A state appeals court has reversed its own decision requiring Spokane Falls Community College to release unredacted records related to sexual misconduct allegations against the school’s former acting president.
In a unanimous opinion, a three-judge panel of Washington’s Court of Appeals Division III said a new Public Records Act exemption can retroactively apply to the documents in question.
The decision means the Community Colleges of Spokane will continue to withhold the names of alleged victims and witnesses who were interviewed as part of the investigation into Darren Pitcher, who resigned as SFCC’s acting president in spring 2018.
Pitcher was accused of “ogling” female subordinates, commenting on their physical appearance and using objectifying terms such as “sweet cheeks.” He also allegedly blocked a woman from leaving his office before exposing his genitals to her. He denied having a sexual encounter with any of his co-workers but acknowledged making “unprofessional” remarks in texts and instant messages sent via phones and computers belonging to the college.
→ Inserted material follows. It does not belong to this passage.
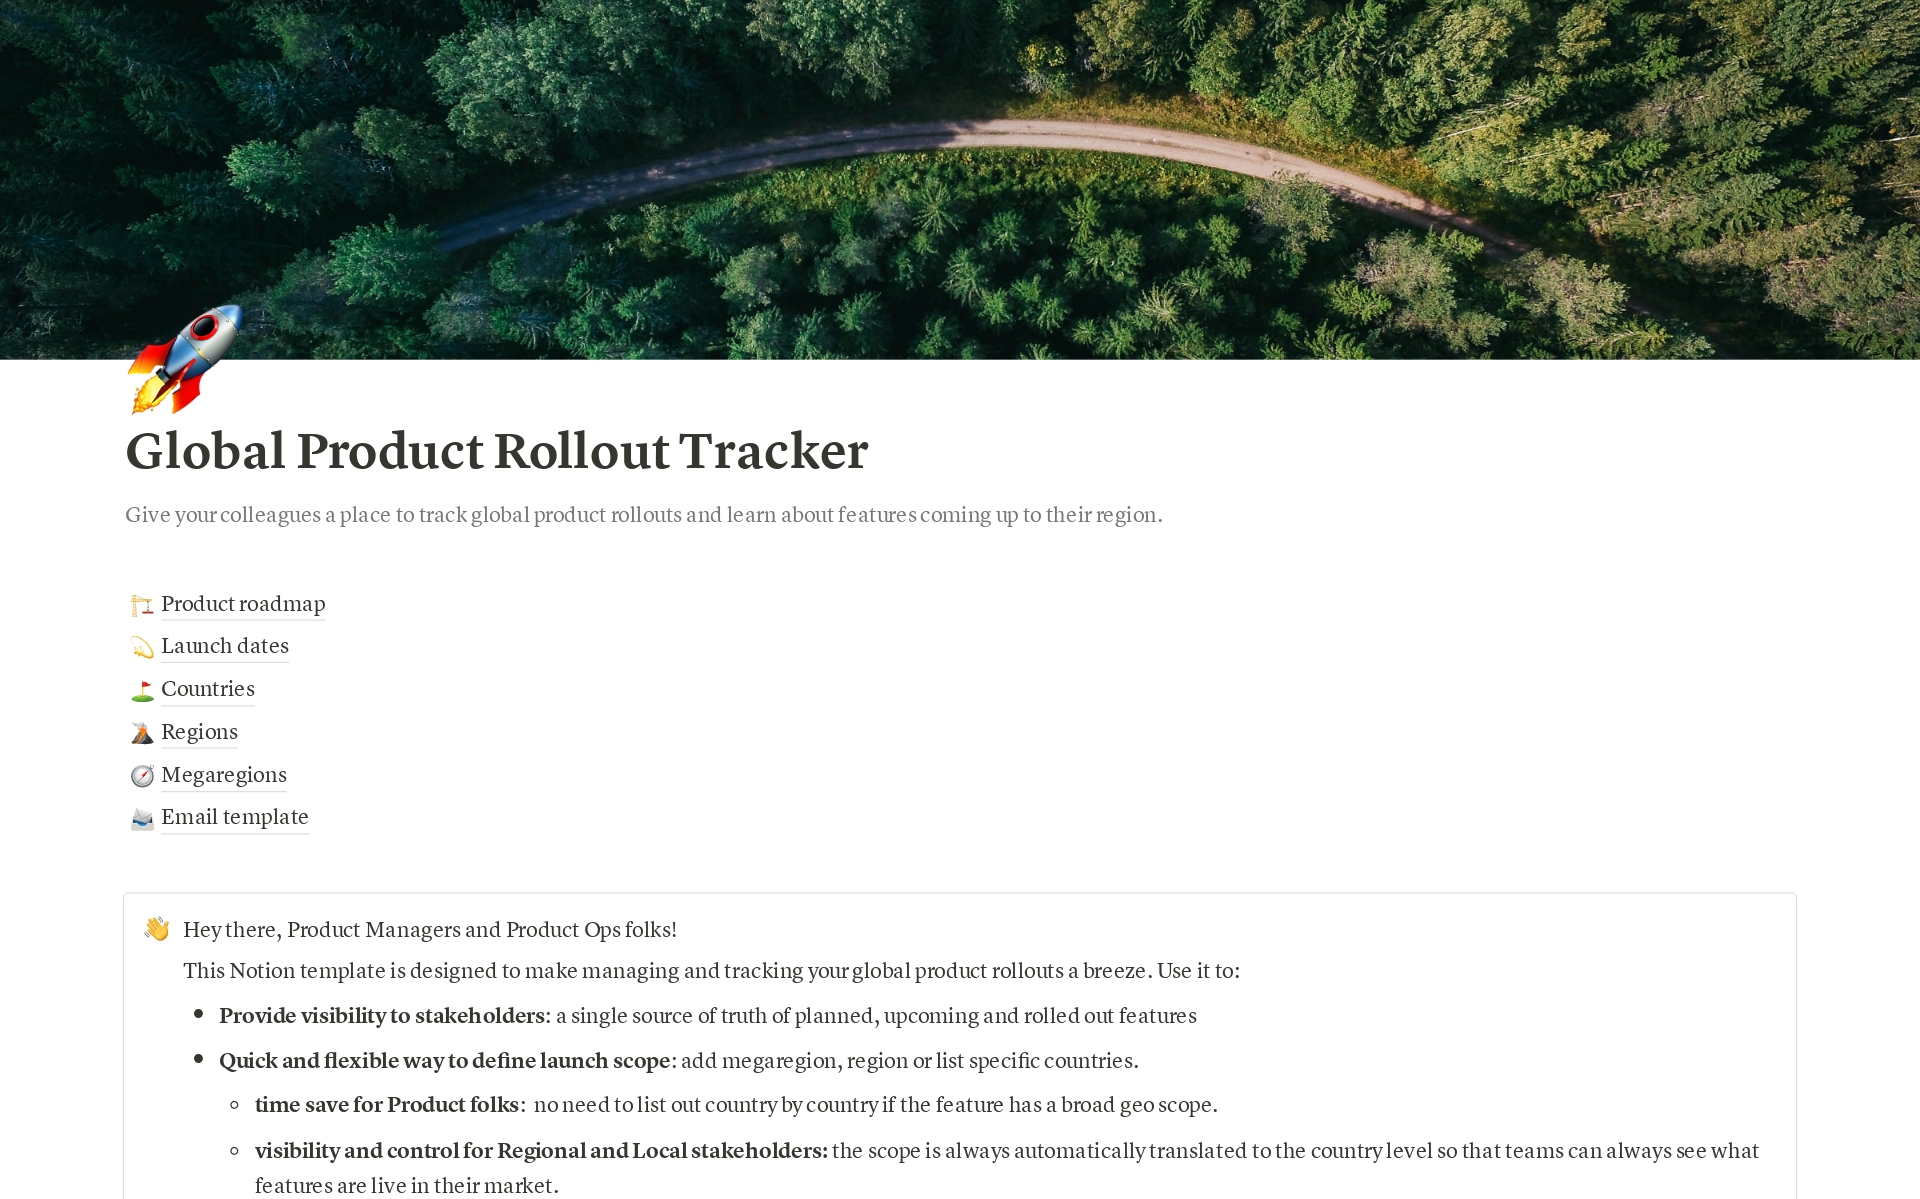 Vista previa de una plantilla para Global Product Rollout Tracker

Shortly after he resigned, CCS provided hundreds of pages in response to public records requests by The Spokesman-Review and other local news organizations. But the college district redacted the names and identifying information of alleged victims and witnesses after attorney Nicholas Kovarik filed an injunction on their behalf. In court records, they are referred to as Jane Does Nos. 1 through 11.
The Spokesman-Review generally does not publish the names of alleged victims or witnesses of sexual assault or harassment without their permission, although such information can aid in the newsgathering process and ensure a clear understanding of allegations.
In Spokane County Superior Court, lawyers for the newspaper and KXLY argued for the release of unredacted records, citing the Washington Public Records Act, the First Amendment and the role of news organizations in holding public institutions, like CCS, to account.
Superior Court Judge Annette Plese sided with Kovarik, who argued that disclosing his clients’ names would humiliate them and create “a massive chilling effect” that would prevent college employees from reporting future instances of sexual harassment.
The Court of Appeals reversed Plese’s decision in June, concluding the names of Pitcher’s accusers must be disclosed, in part because Kovarik did not demonstrate their allegations were “personal information” contained in protected personnel files.
“Free and open examination of public records serves the public interest, even though such examination causes inconvenience or embarrassment to public officials or others,” Chief Judge George Fearing wrote at the time. “The public has a right to know who their public employees are and when those employees are not performing their duties.”
A month later, Kovarik asked the appeals court to reconsider, citing House Bill 2020, which Gov. Jay Inslee had recently signed into law. The bill created an exemption in the Public Records Act for the names of accusers and witnesses contained in investigation records.
“Because the names of the Jane Doe respondents have yet to be released, we hold that the amendment applies prospectively to the public records request pending before the court,” Fearing wrote in the new appellate decision.
Judges Rebecca Pennell and Robert Lawrence-Berrey concurred.